In some aspects, the processes described herein (e.g., process 300, process 400, and/or other process described herein) may be performed by a computing device or apparatus (e.g., a network server, a client device, or any other device, etc. a processor 510 of FIG. 5 and/or other processor(s), the MSTFF module 100 and/or the classifier 200, or subcomponents thereof). For instance, as noted above, the processes 300, 400 may be performed by a computer system. In another example, the process 300 and/or the process 400 may be performed by a computing device with the computing system 500 shown in FIG. 5. For instance, a wireless communication device with the computing architecture shown in FIG. 5 may include the components of the computer system and may implement the operations of FIG. 3 and/or FIG. 4.

In some cases, the computing device or apparatus may include various components, such as one or more input devices, one or more output devices, one or more processors, one or more microprocessors, one or more microcomputers, one or more cameras, one or more sensors, and/or other component(s) that are configured to carry out the steps of processes described herein.

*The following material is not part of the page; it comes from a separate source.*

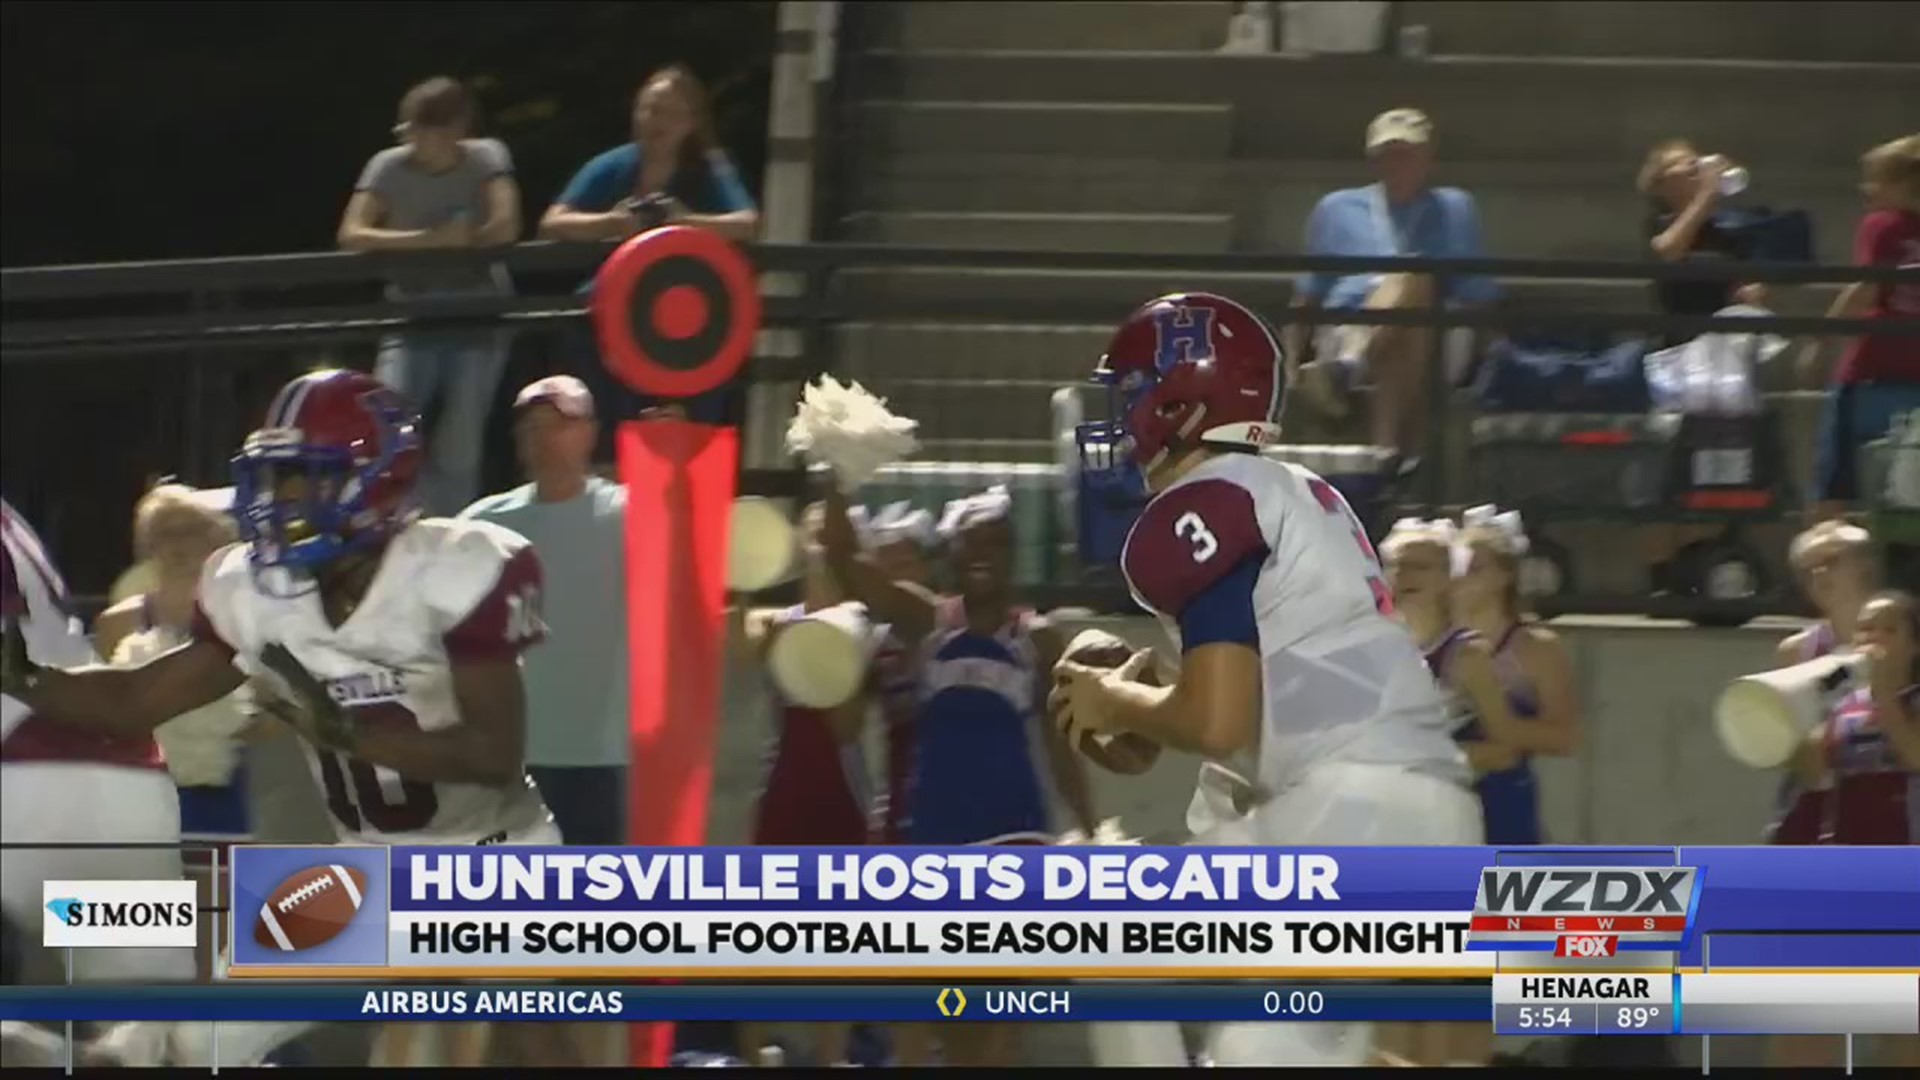 Huntsville hosts Decatur at Milton Frank in their season opener. According to the AHDFHS, this will be the 90th meeting between the two squads..

In some examples, the computing device may include a display, one or more network interfaces configured to communicate and/or receive the data, any combination thereof, and/or other component(s). The one or more network interfaces may be configured to communicate and/or receive wired and/or wireless data, including data according to the 3G, 4G, 5G, and/or other cellular standard, data according to the WiFi (802.11x) standards, data according to the Bluetooth™ standard, data according to the Internet Protocol (IP) standard, and/or other types of data.

The components of the computing device may be implemented in circuitry. For example, the components may include and/or may be implemented using electronic circuits or other electronic hardware, which may include one or more programmable electronic circuits (e.g., microprocessors, graphics processing units (GPUs), digital signal processors (DSPs), central processing units (CPUs), and/or other suitable electronic circuits), and/or may include and/or be implemented using computer software, firmware, or any combination thereof, to perform the various operations described herein.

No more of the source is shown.